China Issues First Batch of 2026 Crude Oil Import Quotas for Independent Refiners
11.28.2025 By Tank Terminals - NEWS

November 28, 2025 [Reuters]- Independent refiners in China have received their first batch of crude oil import quotas for 2026 that can be used for cargoes arriving by the end of the year, trade sources said on Thursday.

 

The release of the fresh quotas is expected to boost crude imports by the world’s largest oil importer and ease a supply glut.

Among the refiners, Hengli Petrochemical received a quota to import 2 million metric tons (40,000 barrels per day) of crude, said two of the sources with knowledge of the matter.

Rongsheng Petrochemical was permitted to import 750,000 tons, while Shenghong Petrochemical and Hongrun Petrochemical received quotas of 120,000 tons and 530,000 tons, respectively, three sources with knowledge of the matter said.

A source at another independent refiner said the company expected to receive official notification later on Thursday.

Tallies from trade sources showed that quotas of about 8 million tons have been issued to 21 refiners so far, up from 6.04 million tons issued in November 2024.

China’s commerce ministry, which regulates crude oil import quotas, did not immediately respond to a Reuters fax message to seek comment.

Last month, the ministry set the crude import quota for non-state trade at 257 million tons for 2026, unchanged from 2025.

Beijing is expected to dispatch the remaining quota for 2026 early next year, one of the sources said.

“The new issuances are expected to lift prices for prompt Iranian, Venezuelan, and Russian cargoes and help clear part of the floating storage,” Kpler’s senior analyst Xu Muyu wrote in a report on Thursday.
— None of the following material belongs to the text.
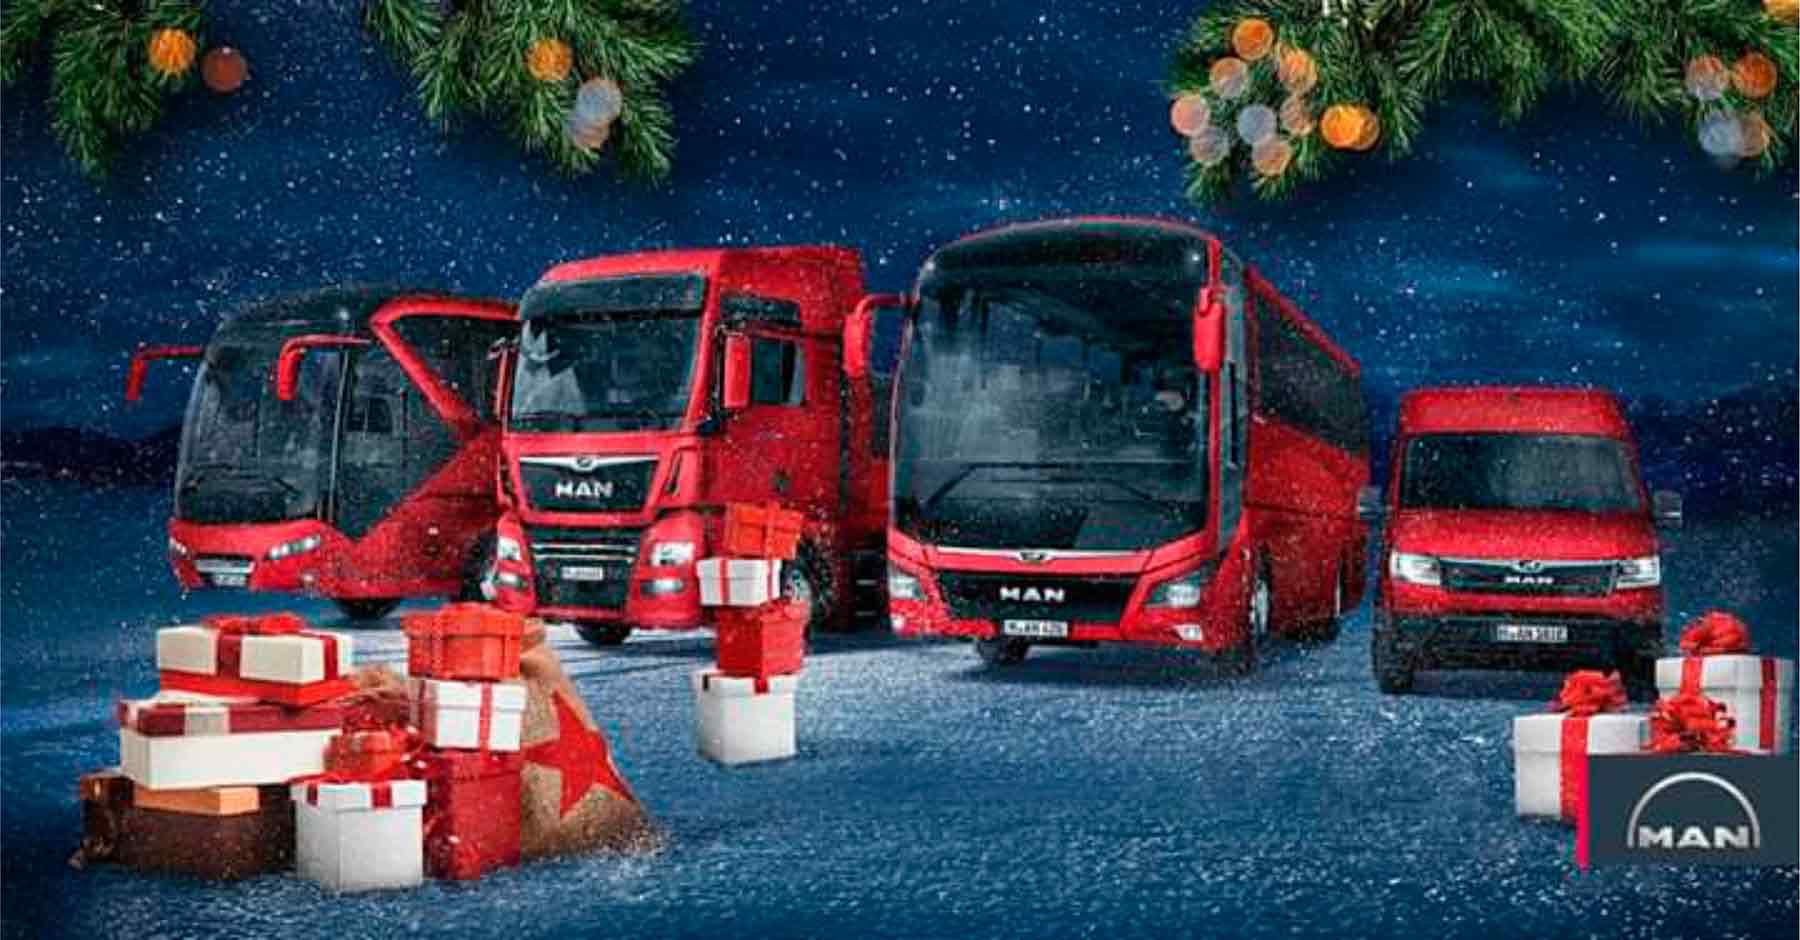 С Новым годом и Рождеством! Режим работы в праздничные дни.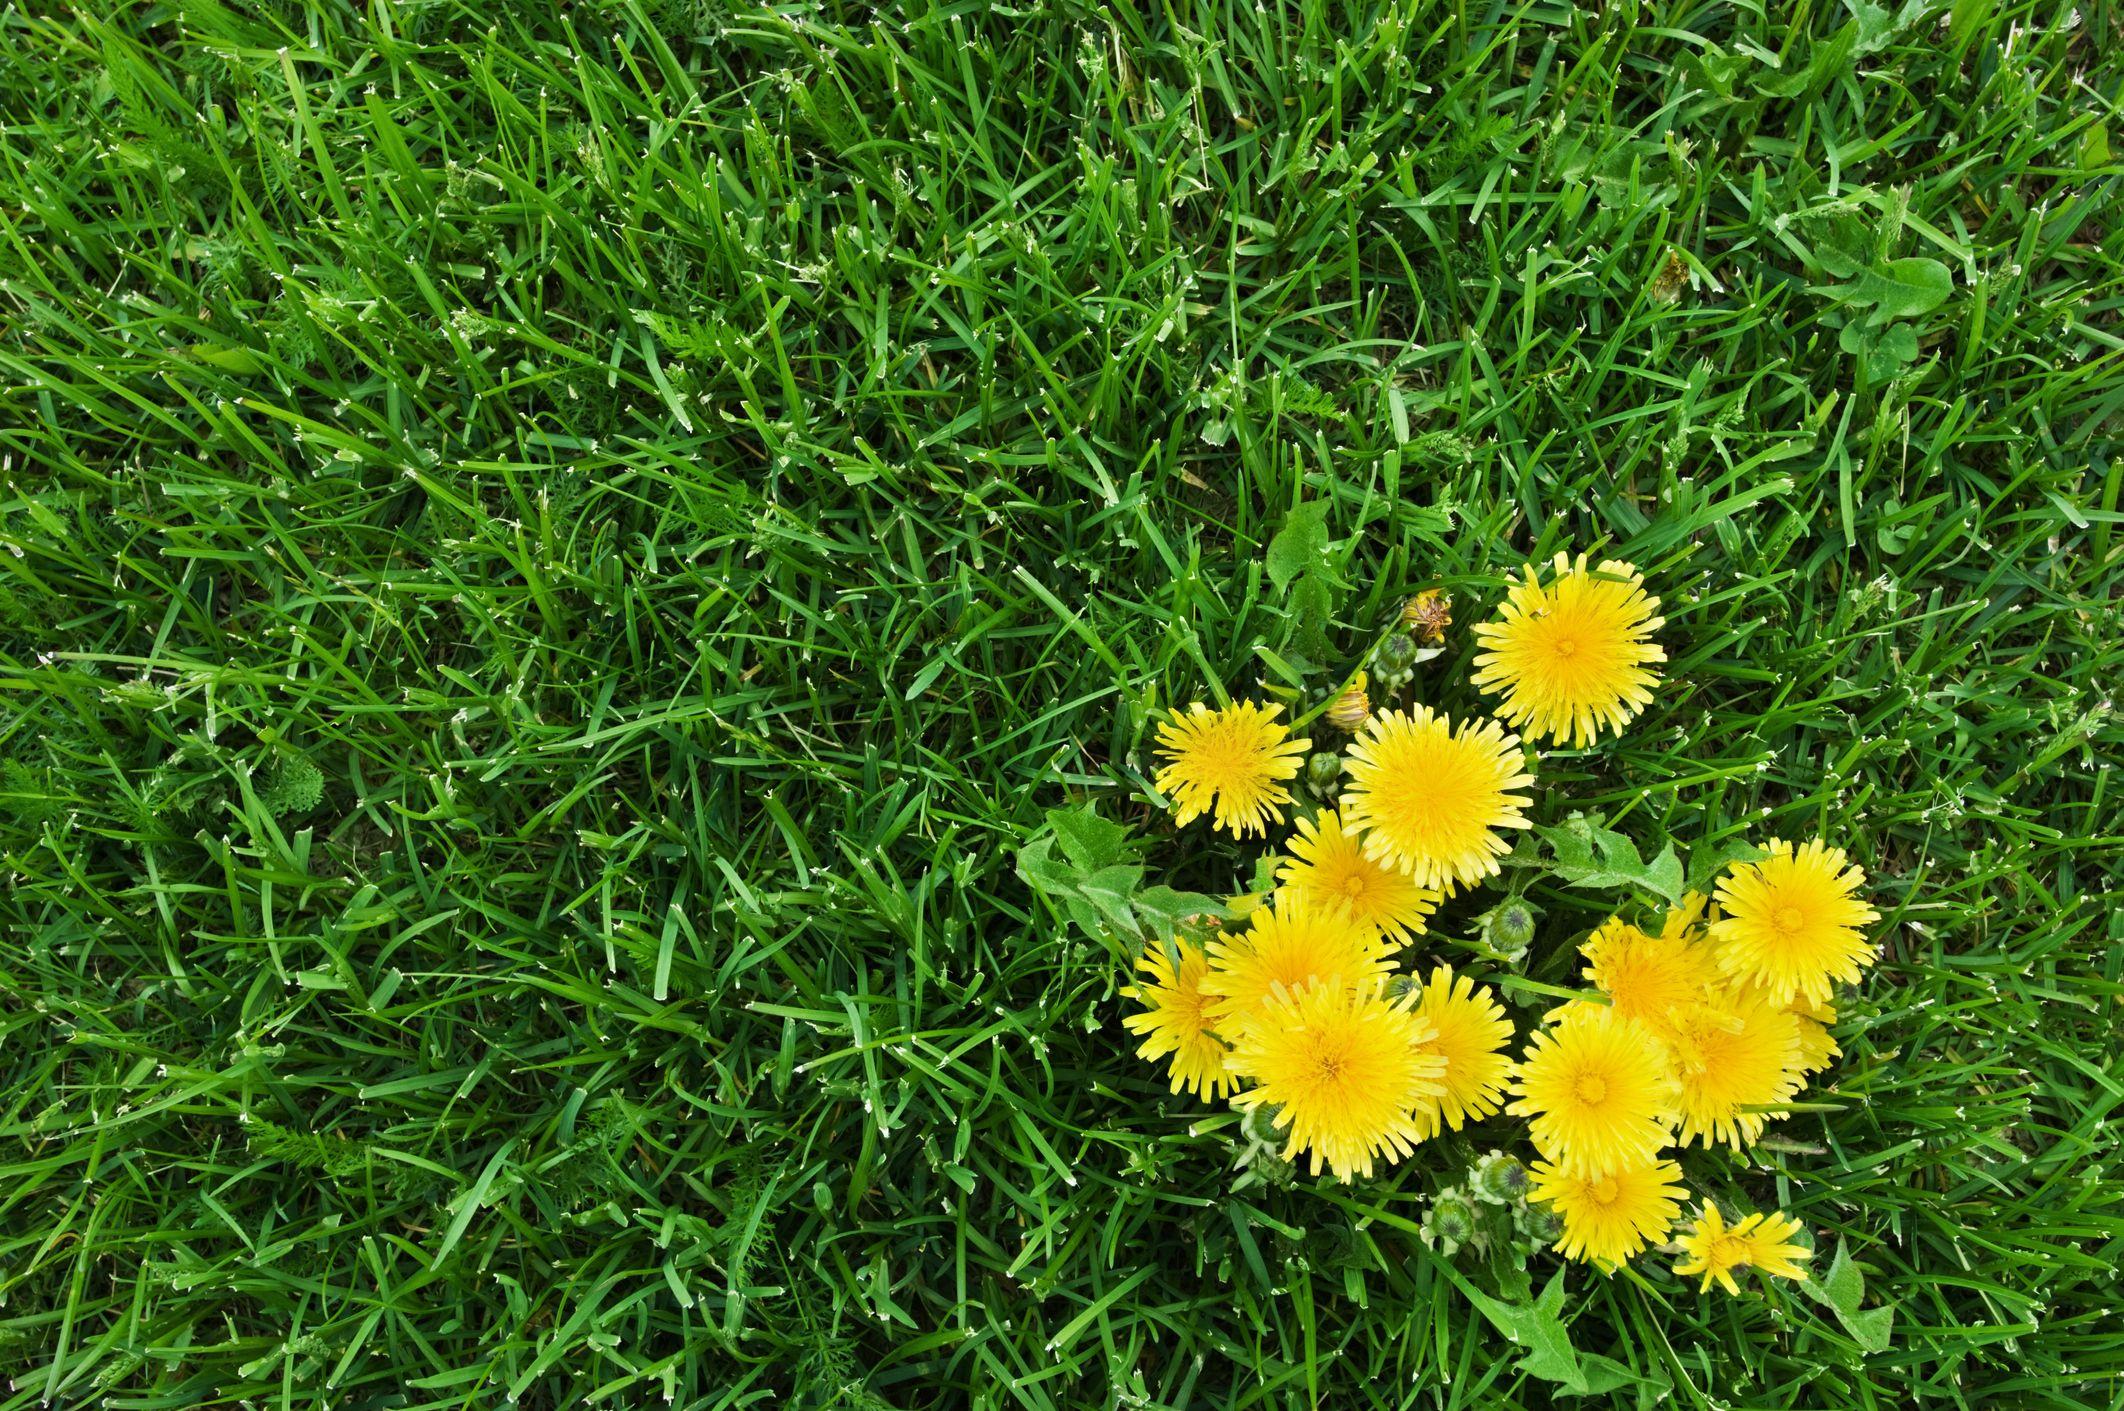 Hình ảnh hoa cúc vàng và cỏ xanh

“The broader oil market is also set to find some support, although growing scepticism over US sanctions and lingering oversupply concerns are likely to keep persistent downward pressure on Dubai prices,” she added, referring to the Middle East crude price benchmark.

In October, the shortage of import quotas and tightening Western sanctions curbed China’s imports, leading to deeper discounts for sanctioned oil and a surge in the volume of oil stored on board ships in Asian waters.